● AVAILABLE DATA:

════════════════

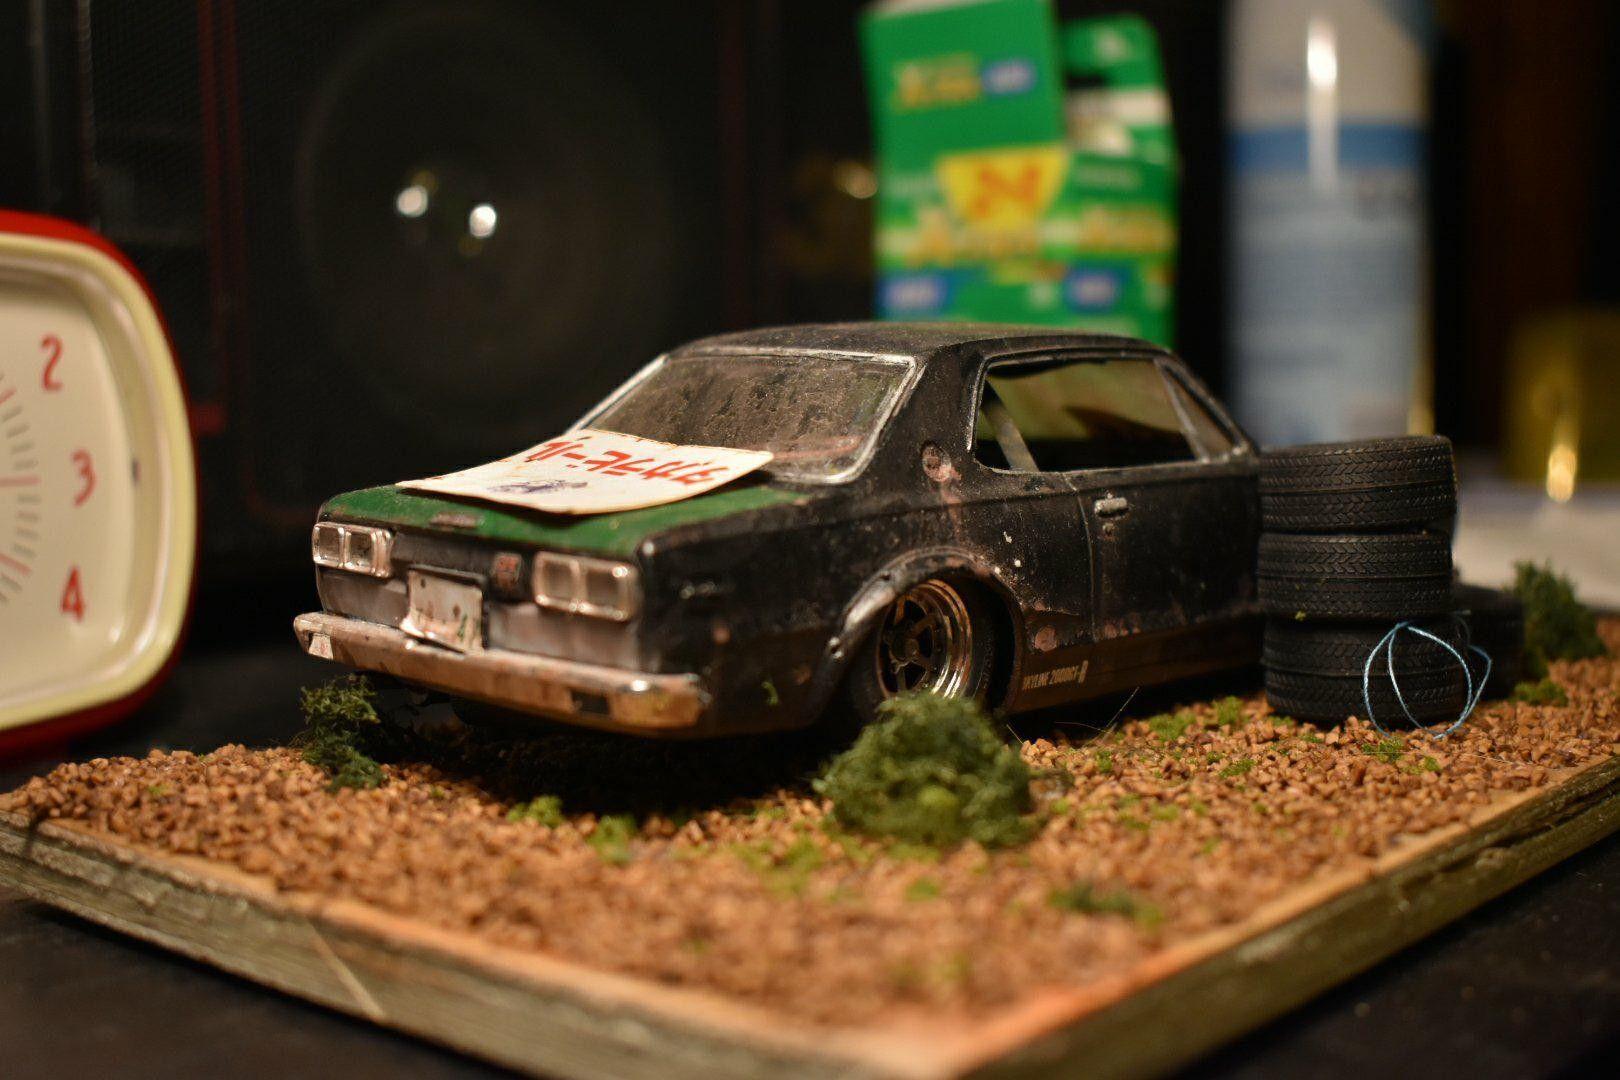 Pin by John Rogal on old cars in fields | Pinterest | Model car
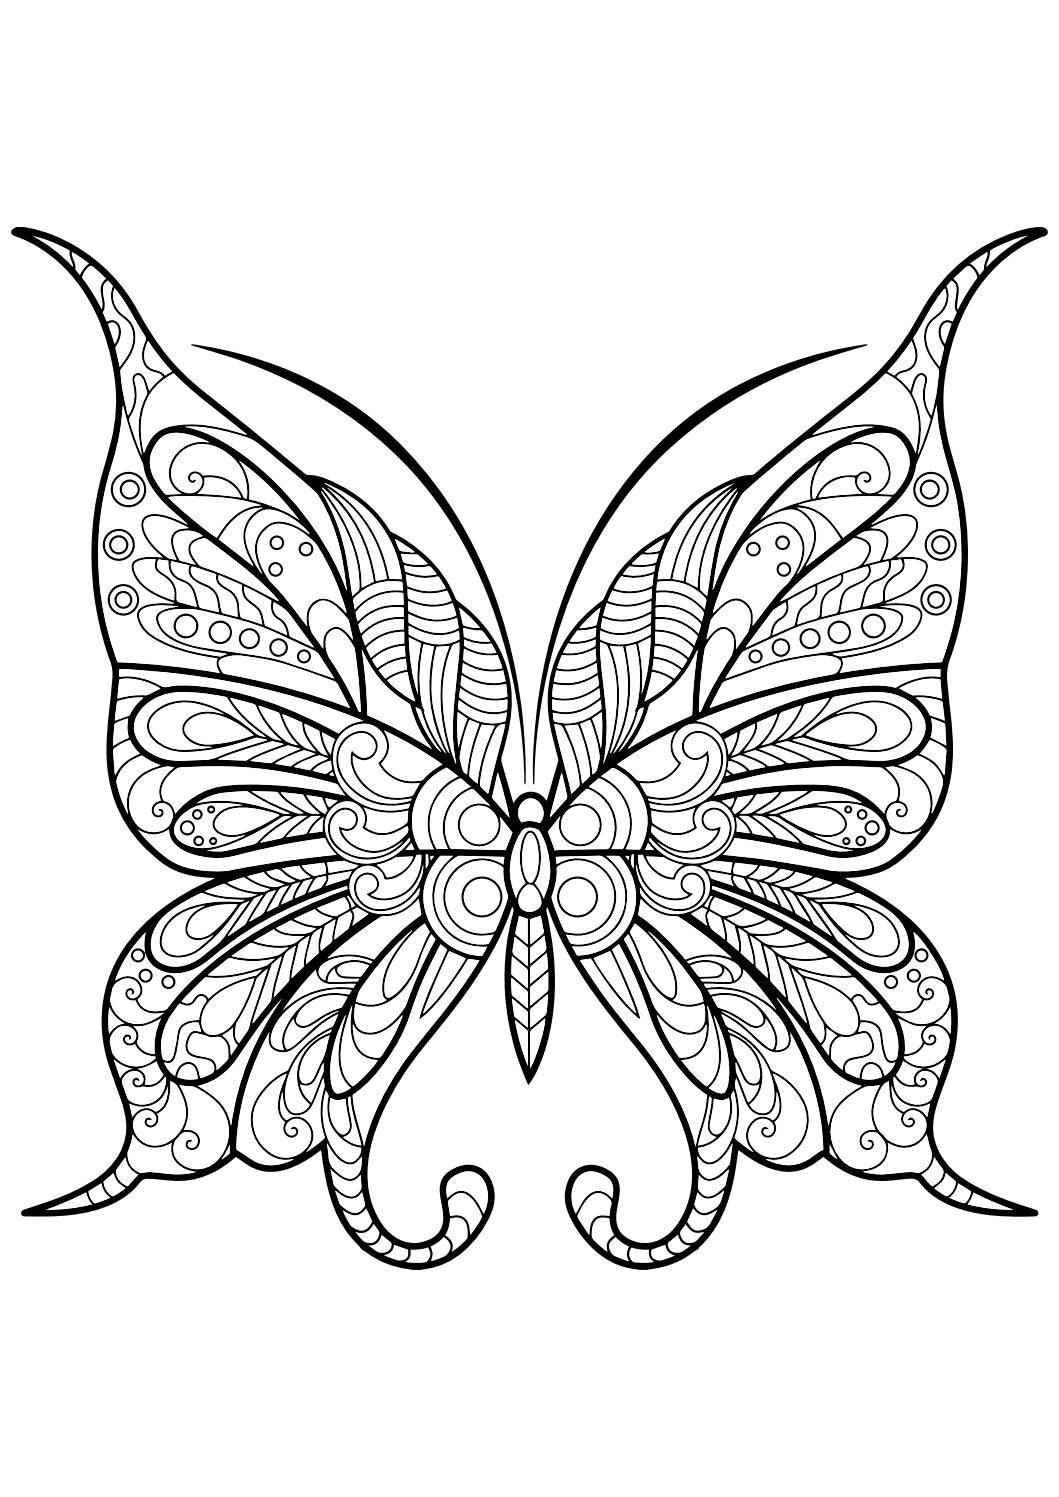 Ausmalbilder Mandala Schmetterling : Adult Butterfly Coloring Book Bilder Zum Ausmalen Ausmalen Und Bilder
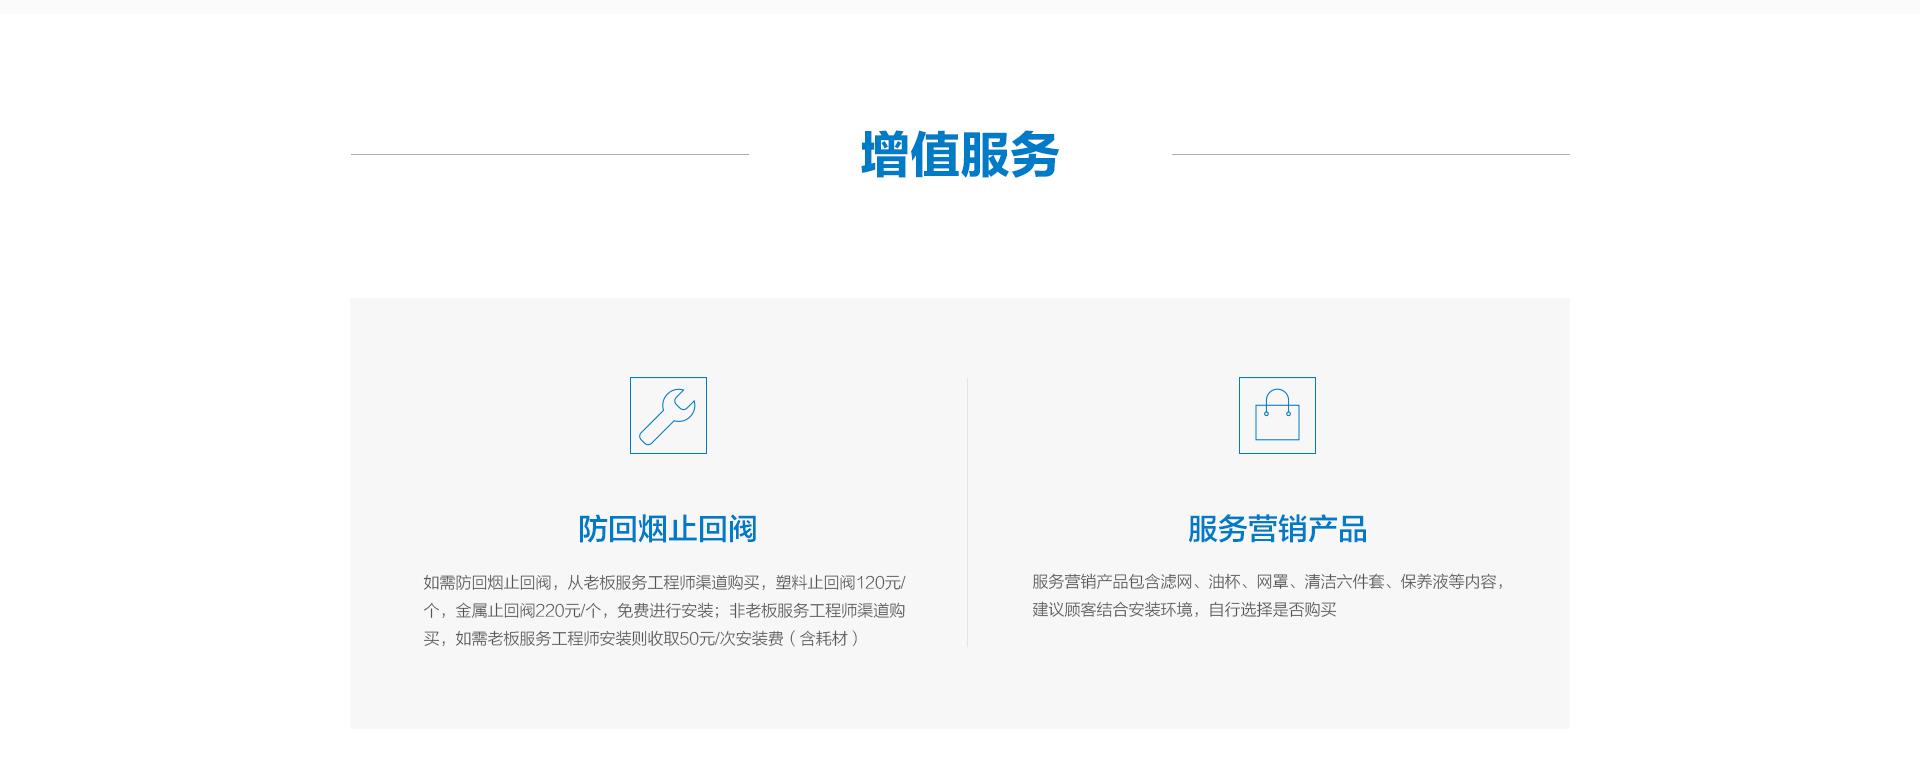 中国国民财富保险股分无限公司广州市荔湾收公司第两营销效劳部_梵素美乳套装
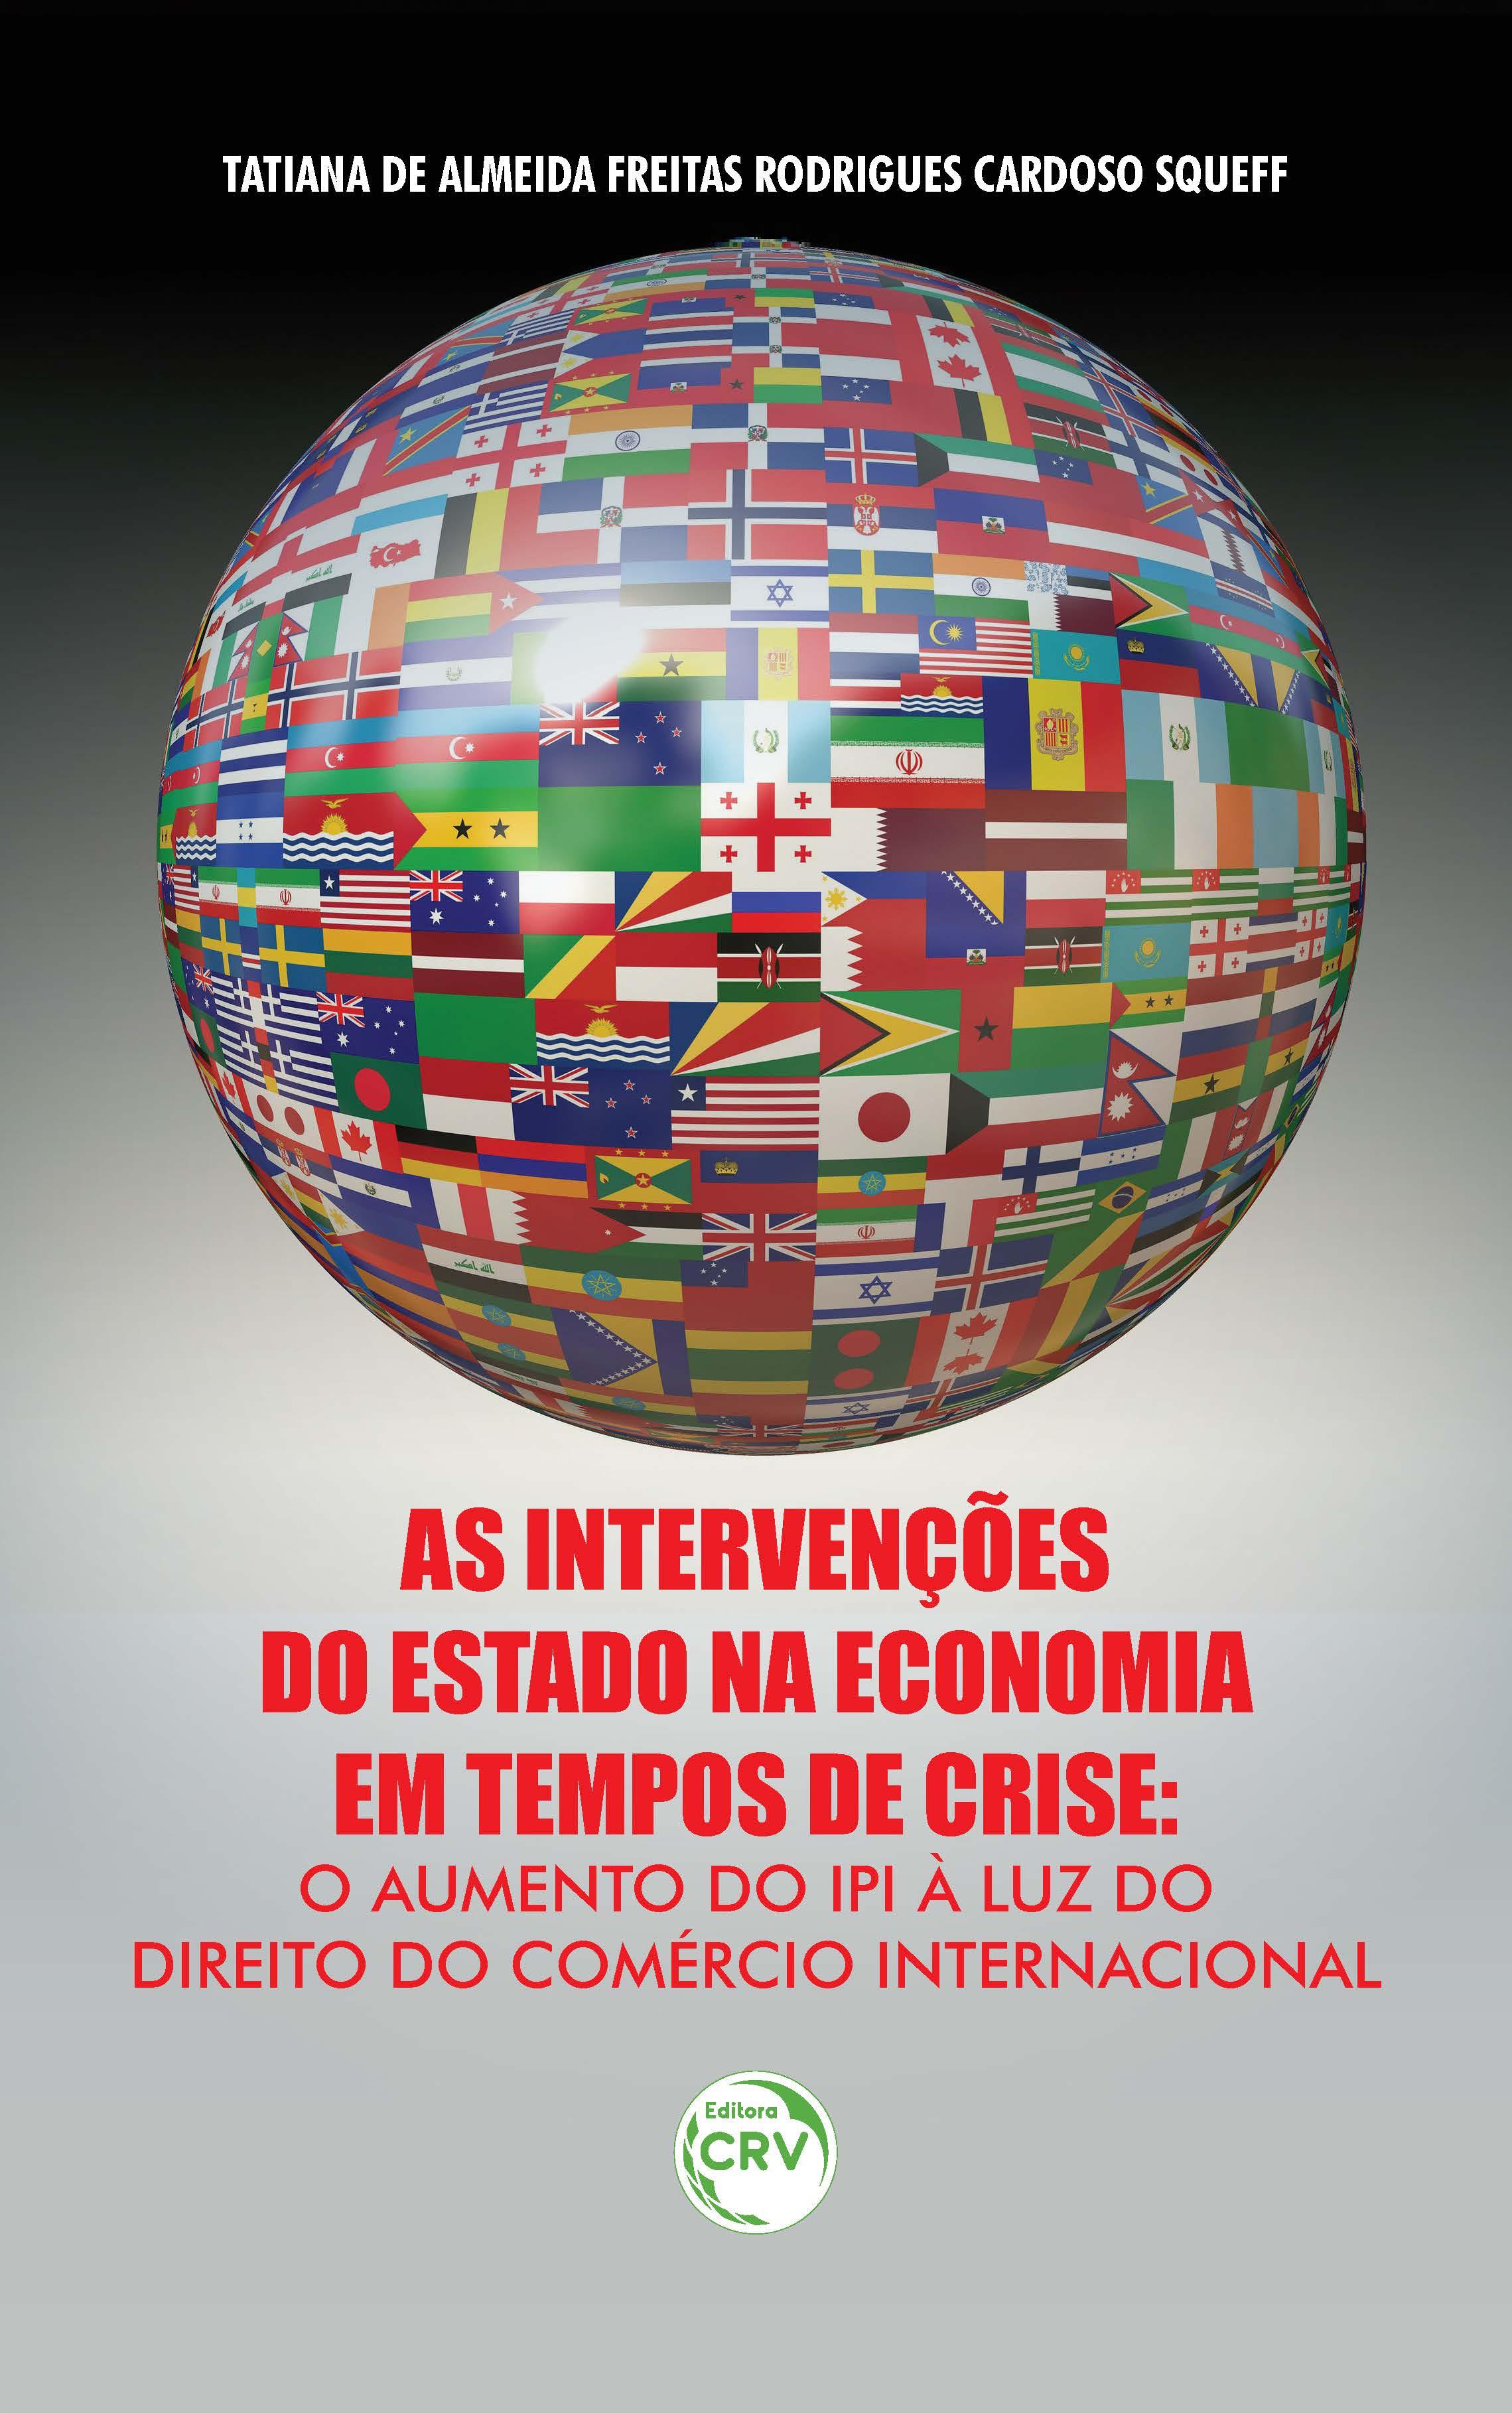 Capa do livro: AS INTERVENÇÕES DO ESTADO NA ECONOMIA EM TEMPOS DE CRISE:<br>o aumento do IPI à luz do Direito do comércio internacional

════════════════

● EXERCISE BRIEF: Print the material above word for word, and keep the pictures out of it.

● COMPLETED EXERCISE:
 Pin by John Rogal on old cars in fields | Pinterest | Model car
 Ausmalbilder Mandala Schmetterling : Adult Butterfly Coloring Book Bilder Zum Ausmalen Ausmalen Und Bilder
 中国国民财富保险股分无限公司广州市荔湾收公司第两营销效劳部_梵素美乳套装
 Capa do livro: AS INTERVENÇÕES DO ESTADO NA ECONOMIA EM TEMPOS DE CRISE:<br>o aumento do IPI à luz do Direito do comércio internacional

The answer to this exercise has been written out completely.